Retype all of the listing exactly, with no pictures.

Input data:
*-*-*

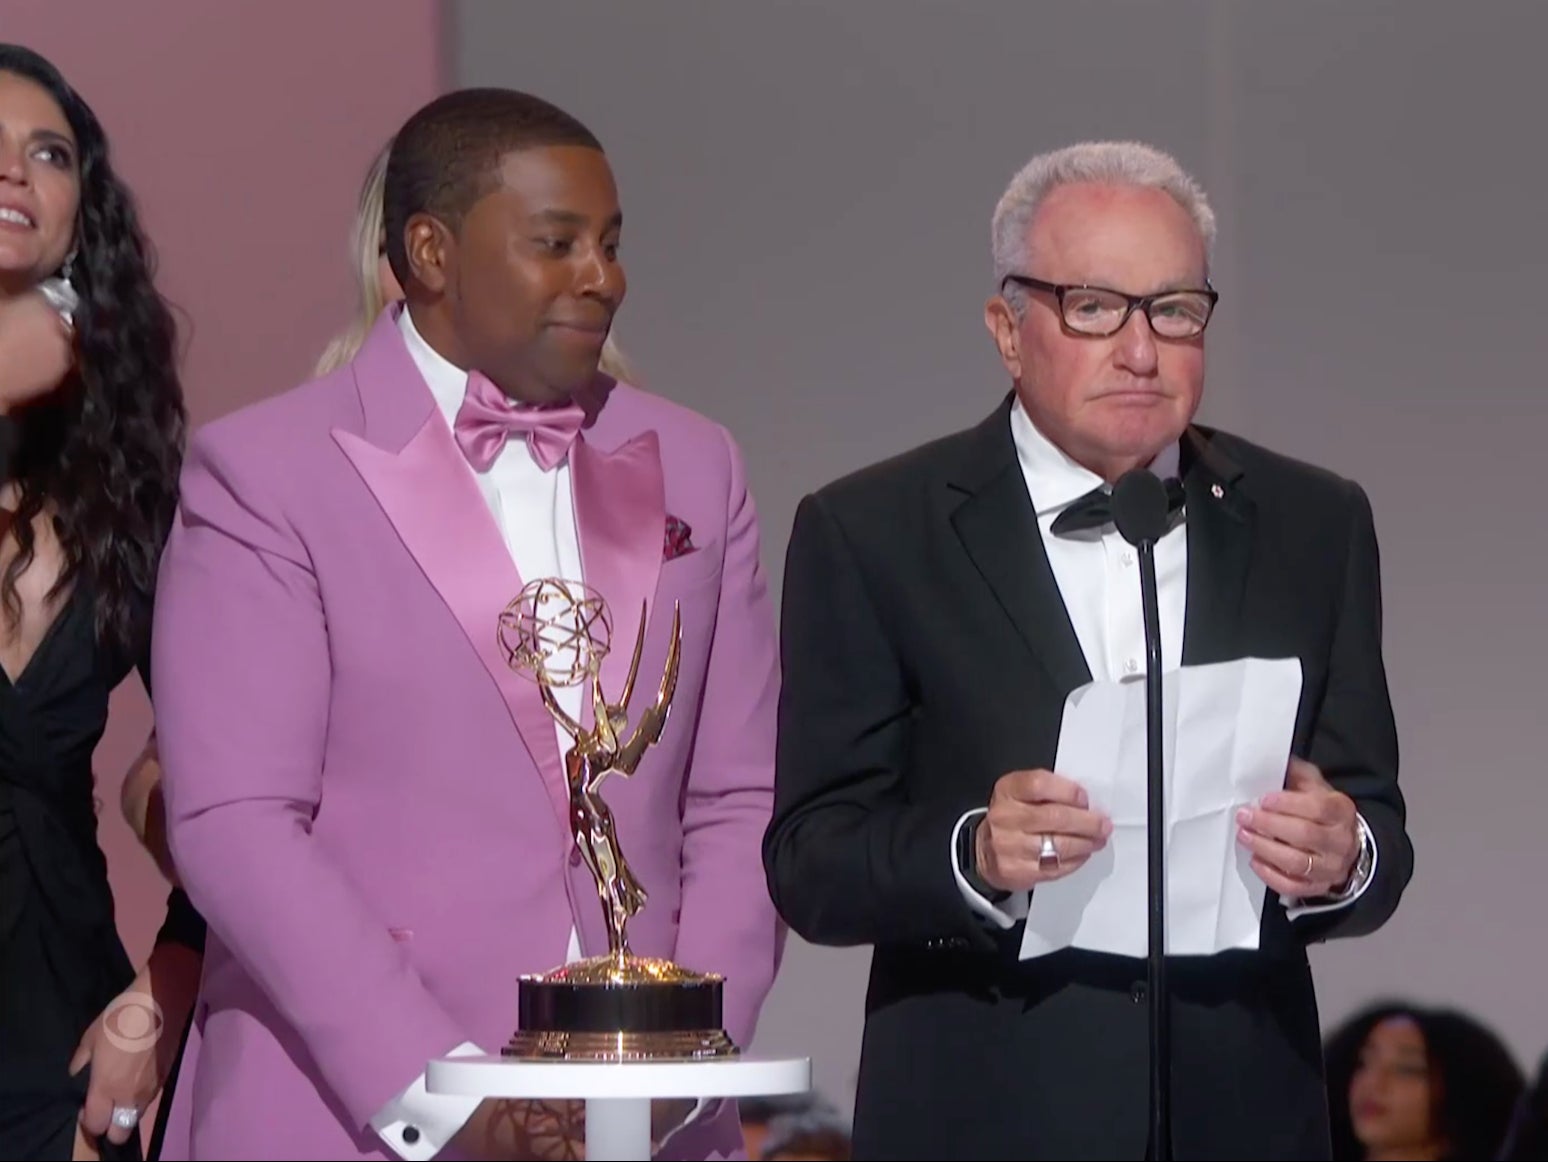 The ‘SNL’ team accept their Emmy
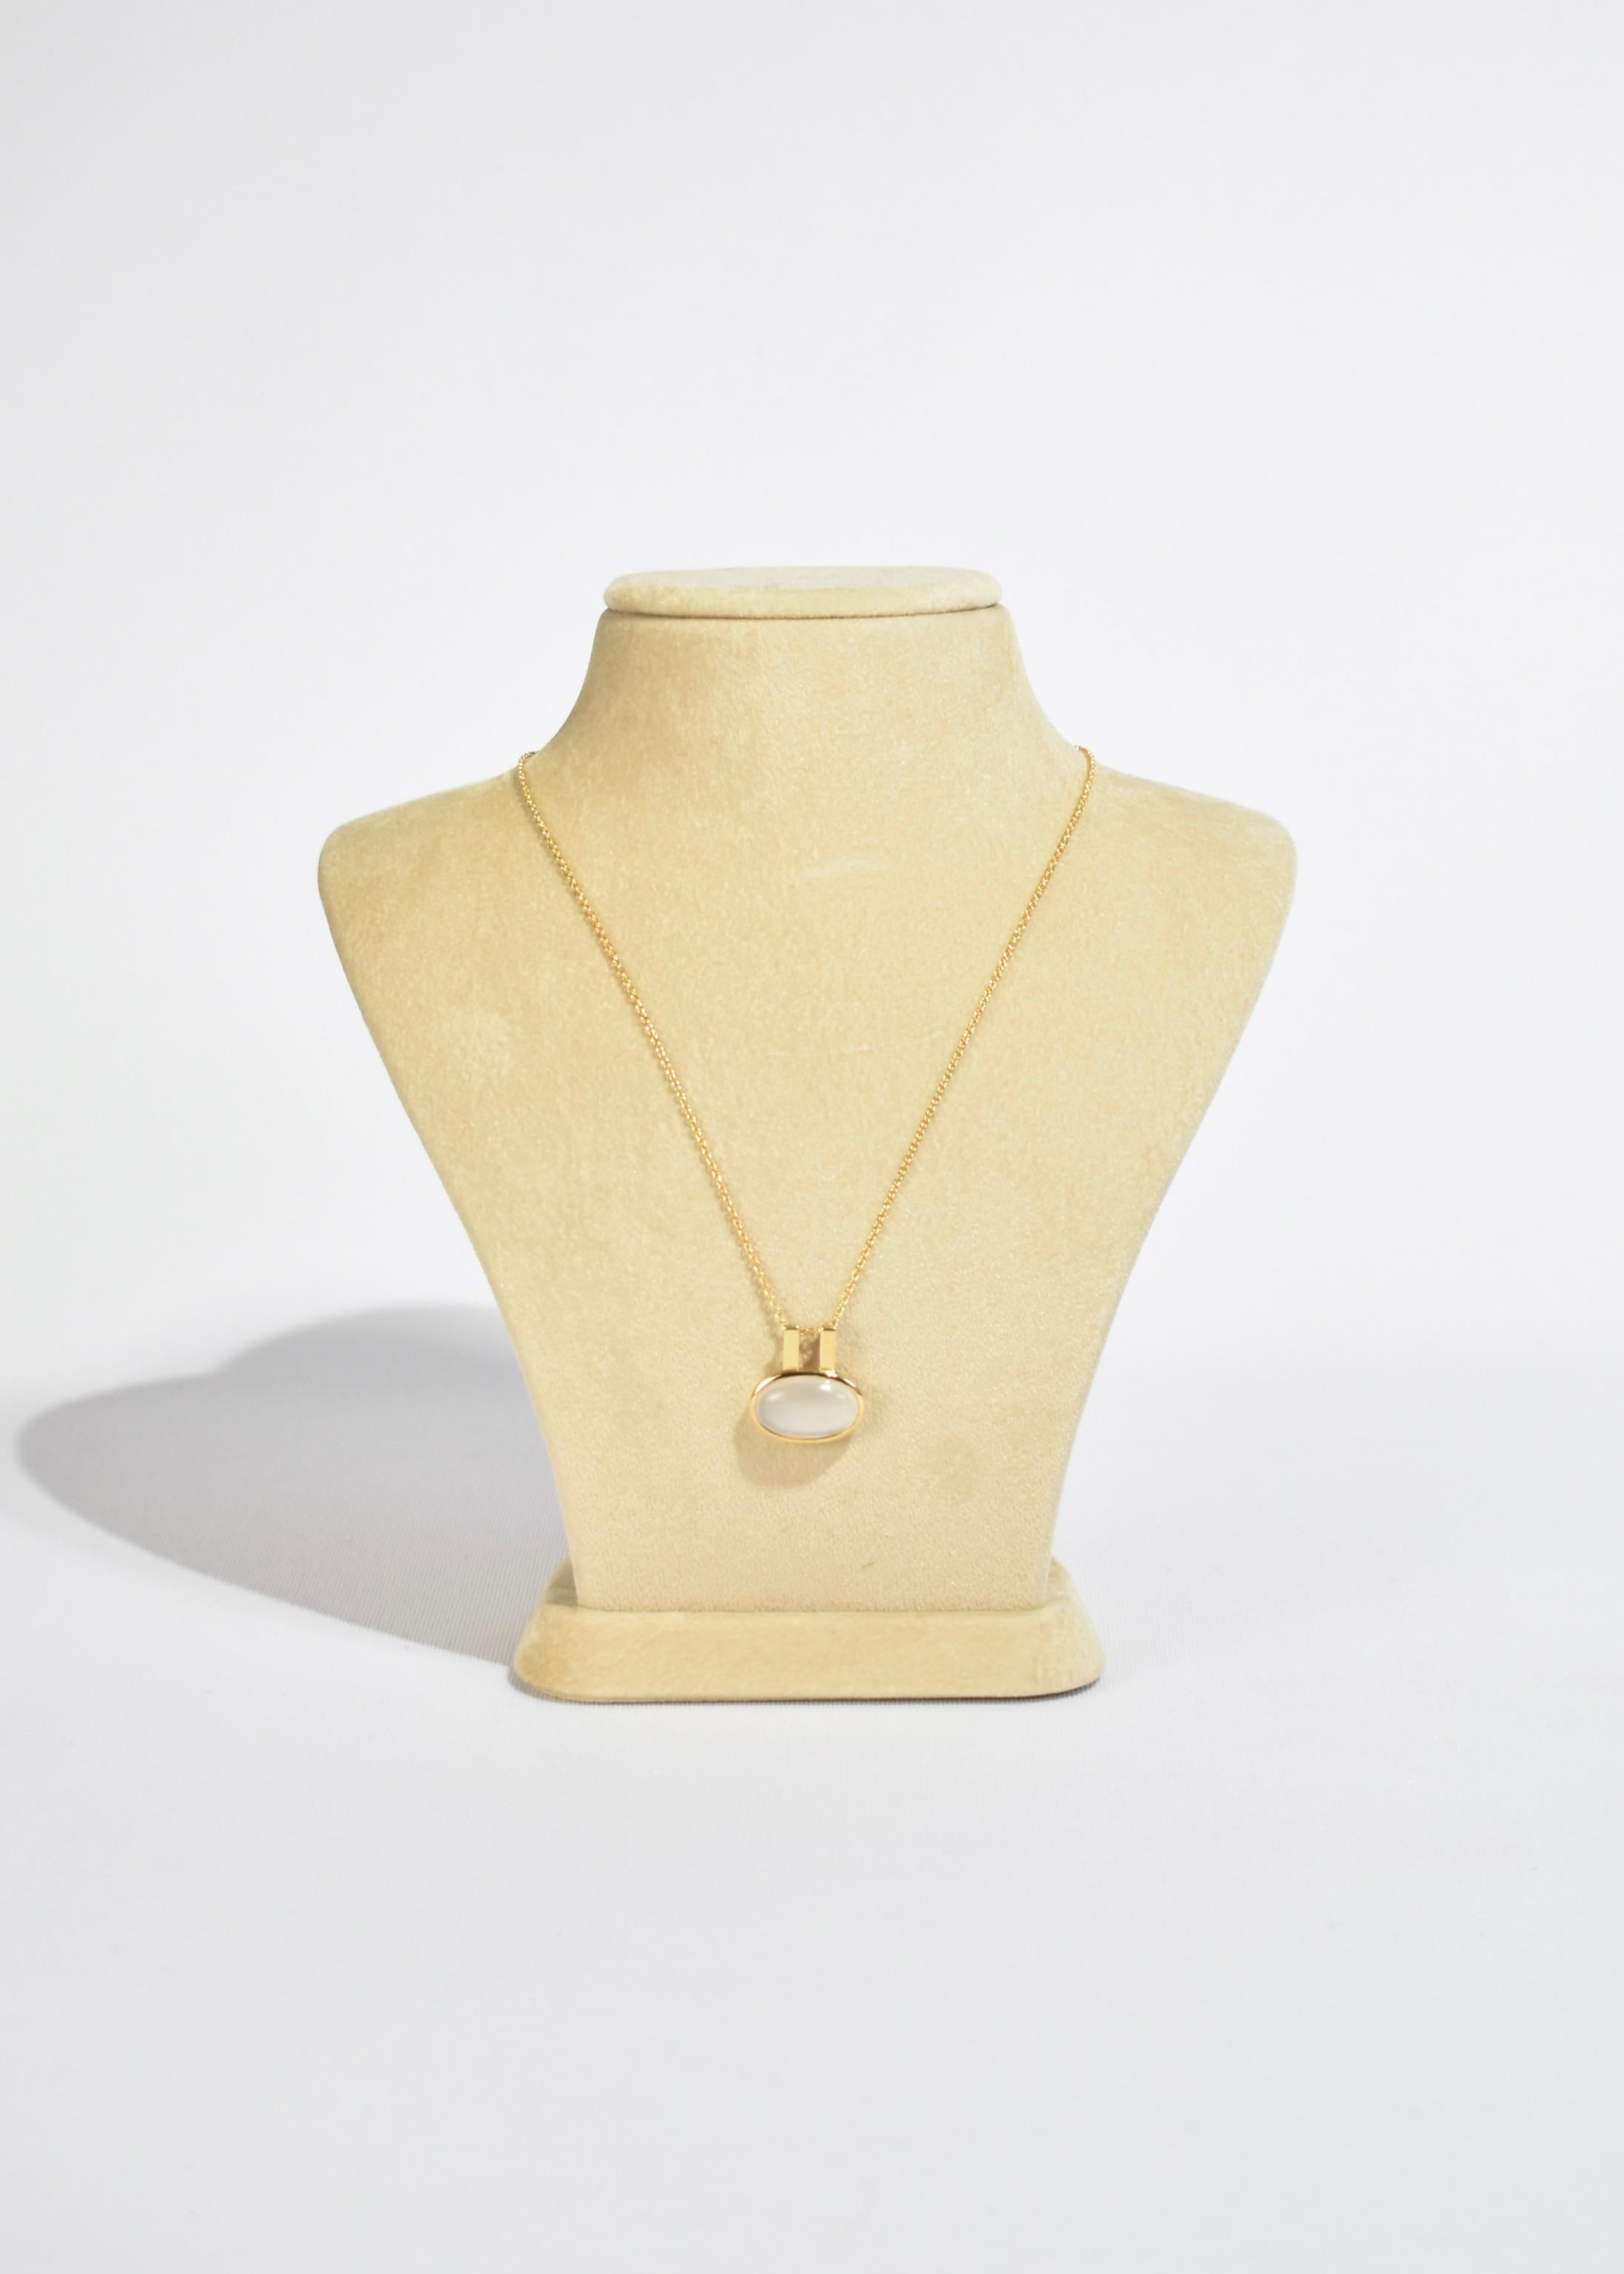 moonstone necklace vintage
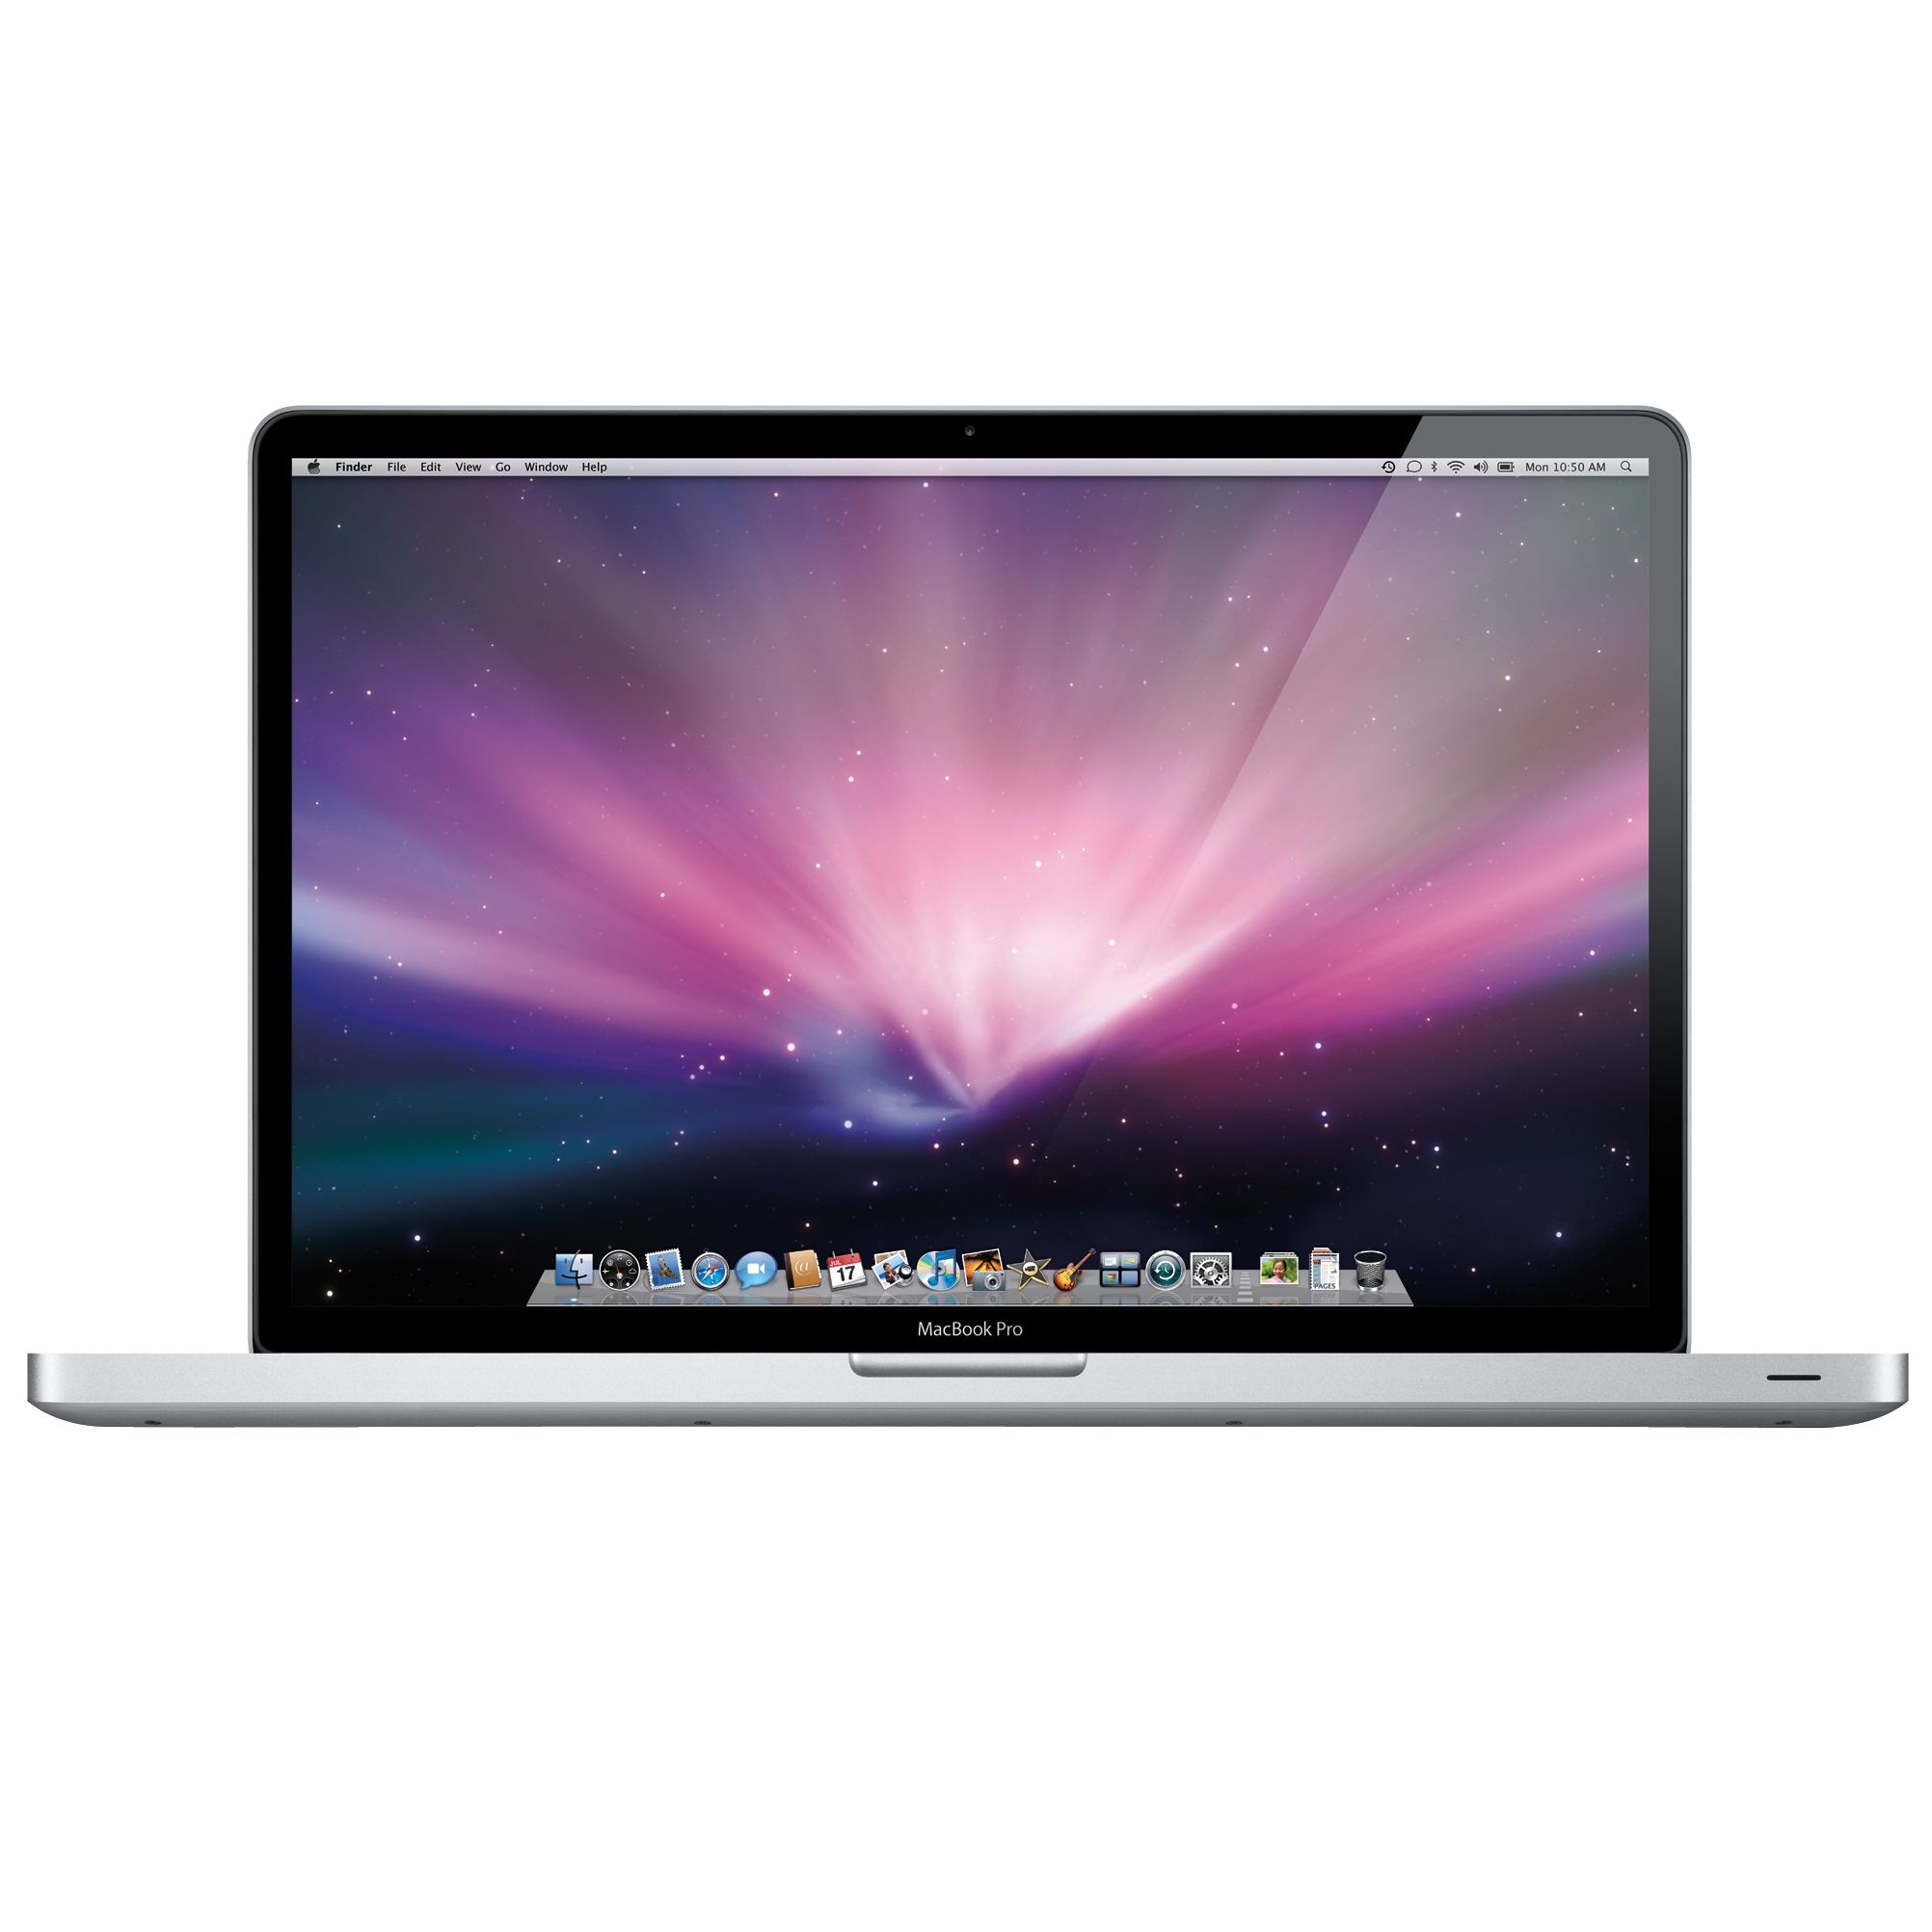 Apple MacBook Pro MC024B/A, Intel Core i5, 500GB, 2.53GHz, 4GB RAM with 17 Inch Display at John Lewis

*-*-*

Output:
 The ‘SNL’ team accept their Emmy
 moonstone necklace vintage
 Apple MacBook Pro MC024B/A, Intel Core i5, 500GB, 2.53GHz, 4GB RAM with 17 Inch Display at John Lewis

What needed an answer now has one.